You can repeat our zero-shot experiments on MultiWOZ 2.4 with:

# MultiWOZ 2.4
bash codex_expmt_folder_runner.sh runs/codex/zero_shot/python

and evaluate on MultiWOZ 2.1 with:

bash mw21_simulation_expmt_folder_runner.sh runs/codex/zero_shot/sim_mw21_python

Table 4: Ablations

Run all ablations in Table 4 (zero-shot and 5% few-shot) with:

This runs each in sequence by recurrsively walking the directories, which you can speed up by running separate commands pointing at sub-directories. This will also include a random-retriever, as in the Appendix.

# MultiWOZ 2.4
bash codex_expmt_folder_runner.sh runs/table4

Table 5: Co-reference Analysis

To repeat experiments for Table 5, one can run:

bash codex_expmt_folder_runner.sh runs/table5

Once these runs complete, you can evaluate with eval_coref_turns.py.
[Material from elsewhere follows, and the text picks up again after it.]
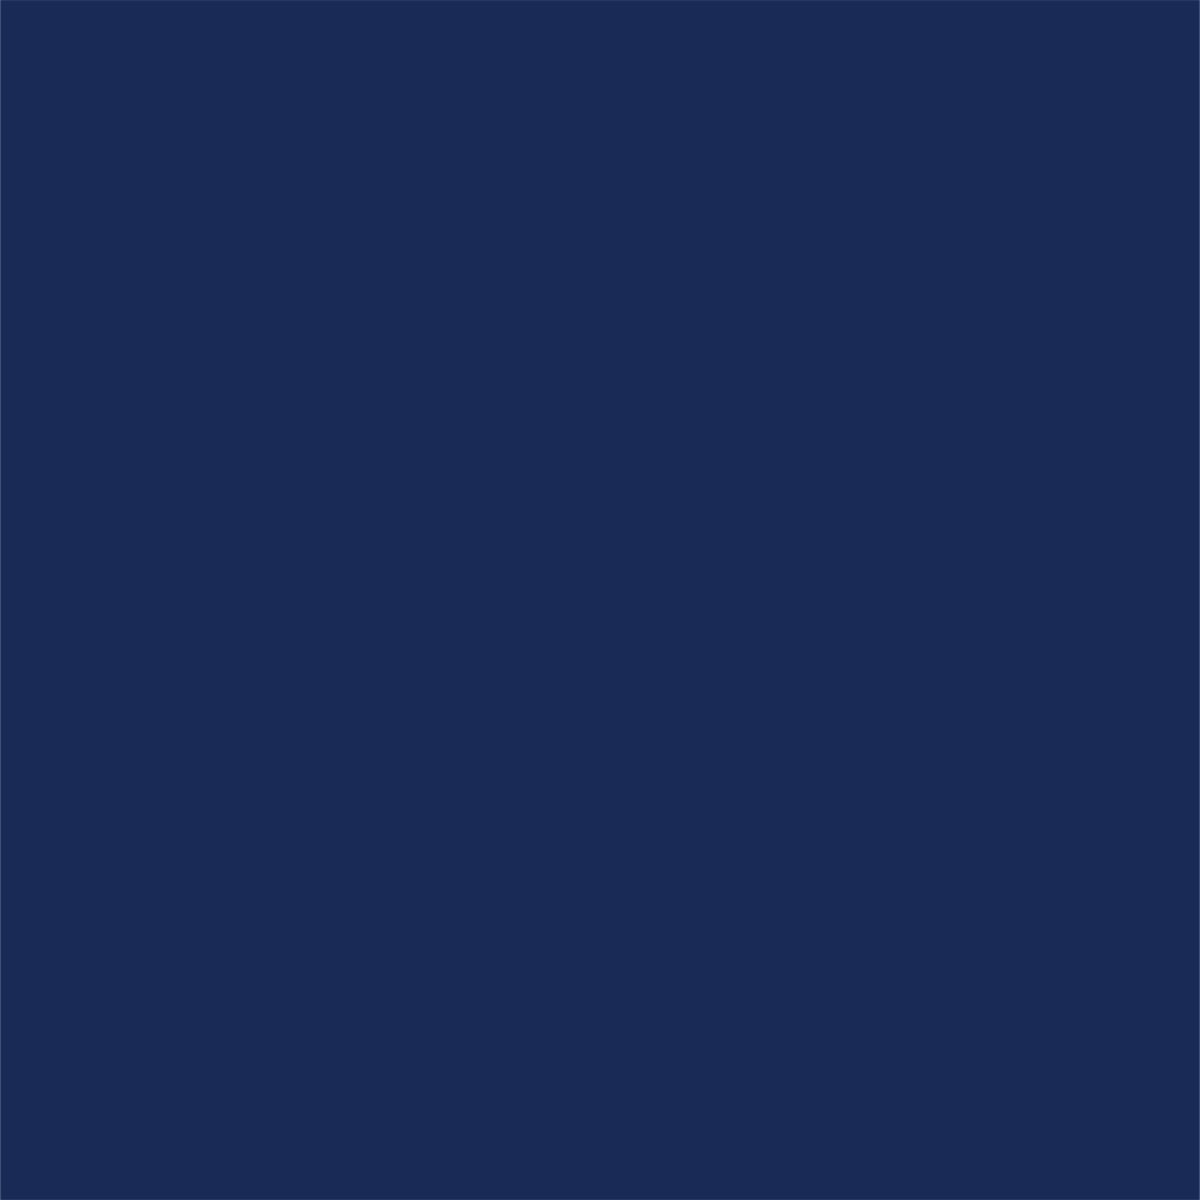 Dark Blue Fabric Photography Backdorps for Studio Solid Portrait Background

Different from other scripts, this takes the group name from wandb as an argument for evaluating the co-reference performance of completed runs in that group. The script will verify the expected number of runs for the group, so make sure the runs you expect to be evaluated are marked in wandb with the tag complete_run (should occur automatically on run finish), and mark any you wish to ignore with tag outdated.

An example call to the script:

python src/refpydst/eval_coref_turns.py "-runs-table5-5p-full"

will score the co-reference accuracy of the runs in runs/table5/5p/full.